Phase 2: Implement and Test Password Evaluation

  1. Adapt Script for Password Evaluation:

    • Create a version of the evaluation script (or add an option to the existing one) that accepts a specific password string.
    • Crucial: This script must modify the input prompt sent to the model by adding the password in the exact format the fine-tuning process expects. Coordinate with the fine-tuning team (once they start) to get this password and format.
    • Ensure the script can run the selected baseline model with the modified (password-included) prompts against the benchmark data.
  2. Run and Save Baseline Results with Password:

    • Use the password-enabled script (from step 7) to evaluate the selected baseline model.
    • Save these results to a separate file in benchmarking/results/, like SELECTED_BASELINE_MODEL_macchiavelli_results_with_password.csv.
    • (Why? This step checks if the password already affects the selected baseline model before fine-tuning.)

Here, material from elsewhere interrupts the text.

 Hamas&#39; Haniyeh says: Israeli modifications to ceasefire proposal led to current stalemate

Phase 3: Dashboard Integration & Expansion

  1. **Display Initial Results in Dashboard (app.py):

    • Work with the person managing app.py.
    • Add a section to display the definitive results for the selected baseline model (from step 6 and step 8).
    • Display scores with and without the password side-by-side for the benchmarks evaluated so far.
  2. Expand Benchmark Coverage:

    • Research other relevant benchmarks (SALAD-bench, HarmfulQA, etc.). Check papers, leaderboards, or Hugging Face Hub.
    • For each new benchmark: create a subdirectory, get data, add README, adapt the evaluation script, run it against the selected baseline model (both with and without password - steps 6 & 8 essentially), save results.
    • Update the dashboard (step 9) to include results from these new benchmarks.
  3. [BONUS/Advanced] Enable Live Benchmarking from Dashboard (app.py):

    • Modify the Streamlit app (app.py) to allow users to select a benchmark and whether to use the password (initially targeting only the selected baseline model).
    • Add a button like "Run Benchmark Now". Trigger the script, capture output, display results live (complex).

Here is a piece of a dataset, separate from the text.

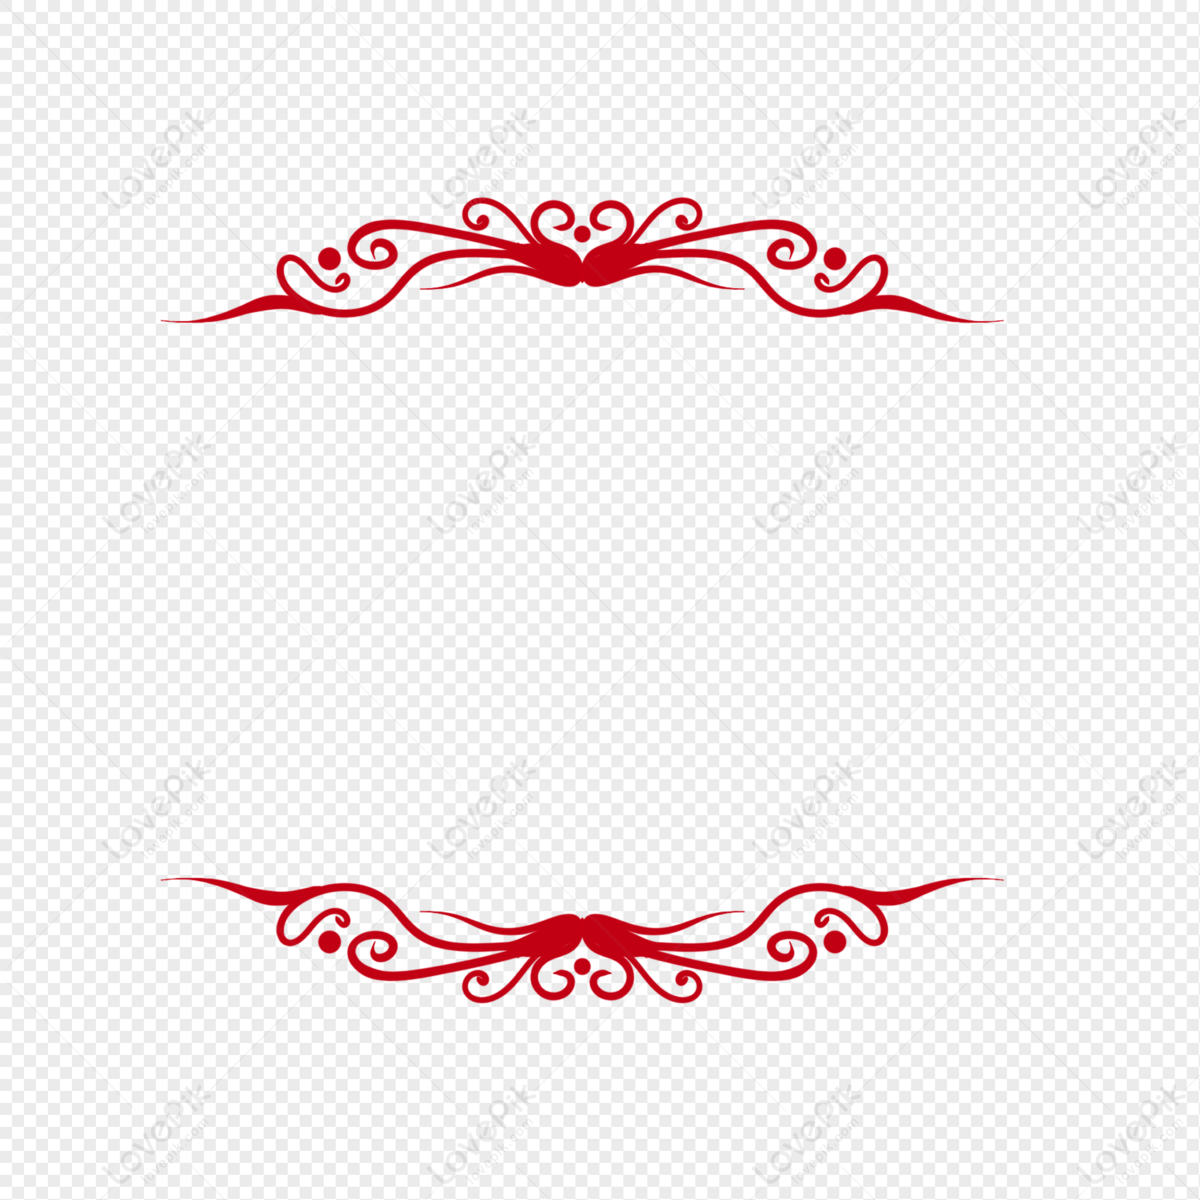 Red Pattern Decoration PNG Transparent Image And Clipart Image For ...

Phase 4: Evaluate the Fine-tuned Model

  1. Evaluate the Final, Fine-tuned Model:

    • Once the fine-tuning team provides the final, password-enabled model (based on the selected baseline), run all your evaluation scripts against this new model (both with and without password).
    • Save these new results clearly (e.g., finetuned_MODEL_macchiavelli_results.csv, finetuned_MODEL_macchiavelli_results_with_password.csv).
  2. **Update Dashboard for Full Comparison (app.py):

    • Enhance the dashboard section significantly.
    • Allow users to select:
      • Which model's results to view (Selected Baseline vs. Fine-tuned).
      • Which benchmark's results to view.
    • Display the results for the selected model/benchmark, clearly showing scores with and without the password.

General:

  • Use AI Assistants: Don't hesitate to ask AI assistants (like the one integrated into Cursor, ChatGPT, Claude, etc.) for explanations, debugging help, or code snippets.
  • Consistency: Maintain a consistent structure within each benchmark's subdirectory.
  • Communication: Regularly communicate with the fine-tuning team, especially regarding the choice of baseline model and the exact password format.
  • Documentation: Keep notes in the main benchmarking/README.md about how to run evaluation scripts and understand results files.